_WHAT YOU ARE ASKED TO DO_:
Only some lines are wanted. Transcribe, exactly, the lines below from the line with "Gingerbread cookie dough." up to and including the line with "TIME OF VIBES".

[[ DATA EXTRACTS open ]]

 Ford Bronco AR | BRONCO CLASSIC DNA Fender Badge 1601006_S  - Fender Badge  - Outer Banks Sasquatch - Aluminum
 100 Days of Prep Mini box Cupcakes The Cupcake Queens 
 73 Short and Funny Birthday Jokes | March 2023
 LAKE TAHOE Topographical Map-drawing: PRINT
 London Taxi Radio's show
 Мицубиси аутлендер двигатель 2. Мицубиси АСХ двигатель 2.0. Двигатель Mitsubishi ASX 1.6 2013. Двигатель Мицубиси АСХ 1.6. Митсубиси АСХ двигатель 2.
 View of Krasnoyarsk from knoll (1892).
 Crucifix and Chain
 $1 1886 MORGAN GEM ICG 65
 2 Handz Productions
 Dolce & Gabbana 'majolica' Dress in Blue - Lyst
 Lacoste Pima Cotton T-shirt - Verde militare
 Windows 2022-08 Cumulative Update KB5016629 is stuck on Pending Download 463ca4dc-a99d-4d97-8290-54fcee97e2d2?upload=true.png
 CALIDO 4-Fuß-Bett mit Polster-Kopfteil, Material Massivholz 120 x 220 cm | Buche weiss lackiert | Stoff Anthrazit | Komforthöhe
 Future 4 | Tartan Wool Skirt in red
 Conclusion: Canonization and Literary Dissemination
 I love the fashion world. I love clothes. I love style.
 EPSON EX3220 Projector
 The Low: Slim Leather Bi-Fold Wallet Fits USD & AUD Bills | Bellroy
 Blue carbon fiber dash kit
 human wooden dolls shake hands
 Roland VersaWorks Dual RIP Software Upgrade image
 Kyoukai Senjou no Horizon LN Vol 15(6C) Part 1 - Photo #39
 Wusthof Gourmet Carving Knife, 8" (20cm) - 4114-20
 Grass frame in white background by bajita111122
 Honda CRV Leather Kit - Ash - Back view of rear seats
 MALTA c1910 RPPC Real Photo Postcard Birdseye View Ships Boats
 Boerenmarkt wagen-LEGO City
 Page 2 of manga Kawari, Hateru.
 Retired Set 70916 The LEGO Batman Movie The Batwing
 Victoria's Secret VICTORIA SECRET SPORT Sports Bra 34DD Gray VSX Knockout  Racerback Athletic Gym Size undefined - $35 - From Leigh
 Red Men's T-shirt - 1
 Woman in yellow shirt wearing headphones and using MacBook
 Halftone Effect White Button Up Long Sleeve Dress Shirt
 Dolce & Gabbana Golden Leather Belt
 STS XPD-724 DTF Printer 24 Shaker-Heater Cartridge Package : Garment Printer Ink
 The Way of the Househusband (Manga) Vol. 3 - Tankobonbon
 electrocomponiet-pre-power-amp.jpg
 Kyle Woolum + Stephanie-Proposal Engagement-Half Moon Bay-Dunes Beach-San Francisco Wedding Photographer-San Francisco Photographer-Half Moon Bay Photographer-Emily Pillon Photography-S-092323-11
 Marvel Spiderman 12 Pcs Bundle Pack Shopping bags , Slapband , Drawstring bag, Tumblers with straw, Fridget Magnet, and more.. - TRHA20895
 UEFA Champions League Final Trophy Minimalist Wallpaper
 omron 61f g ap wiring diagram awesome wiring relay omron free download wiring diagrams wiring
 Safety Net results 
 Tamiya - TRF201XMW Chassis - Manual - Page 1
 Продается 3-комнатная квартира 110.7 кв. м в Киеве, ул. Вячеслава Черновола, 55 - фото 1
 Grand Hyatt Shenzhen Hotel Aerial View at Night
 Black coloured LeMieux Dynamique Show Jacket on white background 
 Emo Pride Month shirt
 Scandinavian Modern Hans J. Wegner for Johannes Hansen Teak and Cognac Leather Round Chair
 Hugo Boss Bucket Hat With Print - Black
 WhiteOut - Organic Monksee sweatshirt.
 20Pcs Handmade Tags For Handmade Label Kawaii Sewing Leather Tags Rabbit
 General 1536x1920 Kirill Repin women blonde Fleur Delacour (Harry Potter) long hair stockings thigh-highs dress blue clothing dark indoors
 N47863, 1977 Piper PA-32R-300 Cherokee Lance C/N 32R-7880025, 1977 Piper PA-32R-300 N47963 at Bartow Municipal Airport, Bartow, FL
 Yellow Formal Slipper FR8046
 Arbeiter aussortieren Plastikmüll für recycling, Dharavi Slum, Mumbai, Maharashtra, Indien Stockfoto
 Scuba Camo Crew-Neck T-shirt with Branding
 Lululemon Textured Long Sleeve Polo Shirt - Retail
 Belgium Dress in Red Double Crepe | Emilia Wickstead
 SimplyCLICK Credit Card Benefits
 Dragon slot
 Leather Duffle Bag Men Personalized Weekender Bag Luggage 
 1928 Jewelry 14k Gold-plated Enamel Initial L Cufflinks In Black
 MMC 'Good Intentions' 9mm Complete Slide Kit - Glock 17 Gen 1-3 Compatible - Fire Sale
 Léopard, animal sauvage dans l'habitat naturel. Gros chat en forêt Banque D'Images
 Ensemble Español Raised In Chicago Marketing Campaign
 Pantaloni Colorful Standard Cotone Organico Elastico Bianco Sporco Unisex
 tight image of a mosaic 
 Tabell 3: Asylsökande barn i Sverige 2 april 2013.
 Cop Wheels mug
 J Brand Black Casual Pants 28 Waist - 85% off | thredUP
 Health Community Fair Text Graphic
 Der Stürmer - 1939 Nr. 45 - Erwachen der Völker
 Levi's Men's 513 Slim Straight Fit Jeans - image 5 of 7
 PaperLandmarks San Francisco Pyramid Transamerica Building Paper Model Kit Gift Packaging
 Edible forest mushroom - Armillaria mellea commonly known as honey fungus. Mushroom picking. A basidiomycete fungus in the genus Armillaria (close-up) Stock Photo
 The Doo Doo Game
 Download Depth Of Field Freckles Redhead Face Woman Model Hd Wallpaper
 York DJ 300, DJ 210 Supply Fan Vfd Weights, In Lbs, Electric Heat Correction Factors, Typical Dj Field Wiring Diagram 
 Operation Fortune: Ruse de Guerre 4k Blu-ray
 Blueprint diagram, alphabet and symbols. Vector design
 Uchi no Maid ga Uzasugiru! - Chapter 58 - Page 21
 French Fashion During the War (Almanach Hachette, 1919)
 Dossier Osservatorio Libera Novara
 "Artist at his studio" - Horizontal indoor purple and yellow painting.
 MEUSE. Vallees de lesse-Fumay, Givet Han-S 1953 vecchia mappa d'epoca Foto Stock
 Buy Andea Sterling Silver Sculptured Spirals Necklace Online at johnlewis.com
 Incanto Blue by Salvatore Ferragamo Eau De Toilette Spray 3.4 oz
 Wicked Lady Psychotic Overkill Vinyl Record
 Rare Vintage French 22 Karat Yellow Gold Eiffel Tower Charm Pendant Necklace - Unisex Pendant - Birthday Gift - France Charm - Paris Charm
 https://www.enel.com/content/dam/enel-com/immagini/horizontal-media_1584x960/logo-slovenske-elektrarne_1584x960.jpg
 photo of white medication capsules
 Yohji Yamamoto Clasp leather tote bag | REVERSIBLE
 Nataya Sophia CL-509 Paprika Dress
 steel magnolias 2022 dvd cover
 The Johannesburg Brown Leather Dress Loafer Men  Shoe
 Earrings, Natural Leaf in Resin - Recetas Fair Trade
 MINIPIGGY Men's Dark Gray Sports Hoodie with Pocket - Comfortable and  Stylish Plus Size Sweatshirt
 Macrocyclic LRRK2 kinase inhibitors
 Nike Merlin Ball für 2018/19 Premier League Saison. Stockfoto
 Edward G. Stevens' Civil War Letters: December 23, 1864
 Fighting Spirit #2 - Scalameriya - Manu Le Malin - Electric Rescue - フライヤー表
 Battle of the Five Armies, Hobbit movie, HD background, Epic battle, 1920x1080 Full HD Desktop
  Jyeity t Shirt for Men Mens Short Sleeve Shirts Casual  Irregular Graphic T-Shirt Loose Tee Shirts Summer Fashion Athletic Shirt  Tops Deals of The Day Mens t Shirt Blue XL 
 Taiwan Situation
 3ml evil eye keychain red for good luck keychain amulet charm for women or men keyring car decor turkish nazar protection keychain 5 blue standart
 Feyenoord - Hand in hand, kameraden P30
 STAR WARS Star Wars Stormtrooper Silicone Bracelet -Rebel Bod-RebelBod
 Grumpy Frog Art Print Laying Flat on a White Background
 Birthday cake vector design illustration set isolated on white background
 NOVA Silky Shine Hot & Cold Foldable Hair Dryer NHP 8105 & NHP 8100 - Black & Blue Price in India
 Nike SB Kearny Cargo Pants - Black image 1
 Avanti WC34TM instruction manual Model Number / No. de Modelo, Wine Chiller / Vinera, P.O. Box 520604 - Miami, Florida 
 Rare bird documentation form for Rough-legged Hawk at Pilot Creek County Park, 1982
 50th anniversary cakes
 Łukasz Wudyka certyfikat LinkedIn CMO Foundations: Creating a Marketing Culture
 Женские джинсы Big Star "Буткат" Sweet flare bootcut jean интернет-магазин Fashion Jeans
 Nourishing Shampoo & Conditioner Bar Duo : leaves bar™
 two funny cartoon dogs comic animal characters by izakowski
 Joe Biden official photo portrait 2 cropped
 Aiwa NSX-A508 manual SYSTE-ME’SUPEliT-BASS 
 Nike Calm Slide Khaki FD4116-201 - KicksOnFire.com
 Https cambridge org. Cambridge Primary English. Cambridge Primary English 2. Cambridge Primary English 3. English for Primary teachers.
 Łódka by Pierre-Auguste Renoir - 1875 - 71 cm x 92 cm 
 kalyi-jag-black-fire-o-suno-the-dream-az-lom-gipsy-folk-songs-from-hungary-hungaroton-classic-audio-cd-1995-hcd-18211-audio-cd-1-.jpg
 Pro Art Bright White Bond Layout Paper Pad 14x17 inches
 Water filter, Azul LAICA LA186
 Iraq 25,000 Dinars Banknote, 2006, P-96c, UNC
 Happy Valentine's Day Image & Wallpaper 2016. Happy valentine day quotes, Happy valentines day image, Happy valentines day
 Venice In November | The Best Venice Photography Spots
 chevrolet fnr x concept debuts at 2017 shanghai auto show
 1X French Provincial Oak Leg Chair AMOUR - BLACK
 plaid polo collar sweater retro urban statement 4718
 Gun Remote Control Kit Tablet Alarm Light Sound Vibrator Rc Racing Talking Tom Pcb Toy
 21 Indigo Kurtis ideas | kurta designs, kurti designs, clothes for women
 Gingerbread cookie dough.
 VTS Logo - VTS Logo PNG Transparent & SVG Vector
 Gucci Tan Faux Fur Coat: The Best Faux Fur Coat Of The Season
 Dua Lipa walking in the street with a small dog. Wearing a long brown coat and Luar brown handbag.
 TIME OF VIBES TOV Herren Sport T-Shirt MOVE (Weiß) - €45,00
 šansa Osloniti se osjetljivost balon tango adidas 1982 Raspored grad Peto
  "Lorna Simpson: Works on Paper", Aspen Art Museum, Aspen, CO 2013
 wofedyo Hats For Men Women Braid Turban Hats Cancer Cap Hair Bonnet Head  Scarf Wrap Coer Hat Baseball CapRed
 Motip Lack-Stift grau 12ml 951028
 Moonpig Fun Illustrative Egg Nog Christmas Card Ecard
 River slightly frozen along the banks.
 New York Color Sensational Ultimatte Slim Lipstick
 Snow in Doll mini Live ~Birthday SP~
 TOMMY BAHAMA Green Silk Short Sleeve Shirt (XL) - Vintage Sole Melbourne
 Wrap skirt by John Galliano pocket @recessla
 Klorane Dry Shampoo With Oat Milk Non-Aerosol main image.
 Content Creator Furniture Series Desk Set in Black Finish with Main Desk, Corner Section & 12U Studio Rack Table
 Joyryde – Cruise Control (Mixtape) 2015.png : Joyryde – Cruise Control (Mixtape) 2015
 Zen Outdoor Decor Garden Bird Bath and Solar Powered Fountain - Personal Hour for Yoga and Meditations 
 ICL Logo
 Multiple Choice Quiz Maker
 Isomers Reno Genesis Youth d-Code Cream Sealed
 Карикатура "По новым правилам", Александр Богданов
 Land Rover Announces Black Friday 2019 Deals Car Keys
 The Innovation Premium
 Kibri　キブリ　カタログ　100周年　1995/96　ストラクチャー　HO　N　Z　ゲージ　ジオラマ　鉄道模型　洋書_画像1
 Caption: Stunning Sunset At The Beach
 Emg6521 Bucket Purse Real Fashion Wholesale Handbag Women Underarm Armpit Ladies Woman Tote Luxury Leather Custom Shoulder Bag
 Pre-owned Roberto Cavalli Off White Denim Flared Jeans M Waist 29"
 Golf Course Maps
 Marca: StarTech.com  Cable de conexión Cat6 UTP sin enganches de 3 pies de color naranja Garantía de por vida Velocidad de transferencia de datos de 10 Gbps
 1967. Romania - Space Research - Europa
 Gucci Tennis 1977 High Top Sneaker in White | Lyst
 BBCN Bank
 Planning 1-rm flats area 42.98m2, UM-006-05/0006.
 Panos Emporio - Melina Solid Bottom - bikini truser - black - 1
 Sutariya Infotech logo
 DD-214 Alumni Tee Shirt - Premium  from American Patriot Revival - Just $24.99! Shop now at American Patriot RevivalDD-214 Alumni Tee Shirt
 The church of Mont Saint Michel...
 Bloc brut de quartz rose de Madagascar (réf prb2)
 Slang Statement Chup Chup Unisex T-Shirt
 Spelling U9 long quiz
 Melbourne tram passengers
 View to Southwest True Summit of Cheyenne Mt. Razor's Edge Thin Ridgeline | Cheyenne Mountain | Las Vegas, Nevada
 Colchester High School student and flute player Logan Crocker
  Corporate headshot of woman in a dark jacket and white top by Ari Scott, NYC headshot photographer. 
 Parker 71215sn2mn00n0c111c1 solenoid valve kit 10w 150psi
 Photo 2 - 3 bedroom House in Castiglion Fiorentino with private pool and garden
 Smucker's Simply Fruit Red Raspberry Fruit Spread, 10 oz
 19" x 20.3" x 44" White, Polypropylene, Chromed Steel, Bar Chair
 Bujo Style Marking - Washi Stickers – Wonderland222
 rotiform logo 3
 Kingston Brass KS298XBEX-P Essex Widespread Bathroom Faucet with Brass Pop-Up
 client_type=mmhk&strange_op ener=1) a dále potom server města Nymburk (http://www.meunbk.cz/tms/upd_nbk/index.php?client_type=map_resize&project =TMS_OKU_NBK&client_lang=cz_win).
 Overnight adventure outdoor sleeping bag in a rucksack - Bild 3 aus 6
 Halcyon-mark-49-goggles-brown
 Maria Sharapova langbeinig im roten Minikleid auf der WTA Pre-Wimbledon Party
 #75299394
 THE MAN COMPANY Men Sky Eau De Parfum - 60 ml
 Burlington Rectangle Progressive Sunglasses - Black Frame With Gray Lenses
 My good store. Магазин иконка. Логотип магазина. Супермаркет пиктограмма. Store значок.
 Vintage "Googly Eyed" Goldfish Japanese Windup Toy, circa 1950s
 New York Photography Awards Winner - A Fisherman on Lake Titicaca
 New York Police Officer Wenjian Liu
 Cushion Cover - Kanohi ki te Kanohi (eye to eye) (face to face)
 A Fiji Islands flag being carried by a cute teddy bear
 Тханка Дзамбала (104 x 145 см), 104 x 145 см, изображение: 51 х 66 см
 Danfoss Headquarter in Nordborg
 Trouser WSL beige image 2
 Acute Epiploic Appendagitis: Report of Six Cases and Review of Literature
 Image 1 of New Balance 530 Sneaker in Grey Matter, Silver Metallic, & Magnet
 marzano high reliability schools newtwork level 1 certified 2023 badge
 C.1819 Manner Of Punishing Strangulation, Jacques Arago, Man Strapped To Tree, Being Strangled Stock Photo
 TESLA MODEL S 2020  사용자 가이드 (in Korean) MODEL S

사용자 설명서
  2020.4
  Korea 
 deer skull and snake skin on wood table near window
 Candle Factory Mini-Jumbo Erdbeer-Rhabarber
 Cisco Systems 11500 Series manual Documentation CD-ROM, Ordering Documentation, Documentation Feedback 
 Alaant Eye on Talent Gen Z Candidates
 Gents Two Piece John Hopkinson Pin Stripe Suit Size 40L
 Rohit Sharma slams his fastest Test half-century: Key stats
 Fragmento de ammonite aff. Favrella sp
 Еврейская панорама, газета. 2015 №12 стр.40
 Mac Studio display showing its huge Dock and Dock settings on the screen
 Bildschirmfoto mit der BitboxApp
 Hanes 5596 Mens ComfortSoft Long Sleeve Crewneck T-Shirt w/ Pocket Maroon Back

[[ DATA EXTRACTS closed ]]

_RESPONSE AREA_:
 Gingerbread cookie dough.
 VTS Logo - VTS Logo PNG Transparent & SVG Vector
 Gucci Tan Faux Fur Coat: The Best Faux Fur Coat Of The Season
 Dua Lipa walking in the street with a small dog. Wearing a long brown coat and Luar brown handbag.
 TIME OF VIBES TOV Herren Sport T-Shirt MOVE (Weiß) - €45,00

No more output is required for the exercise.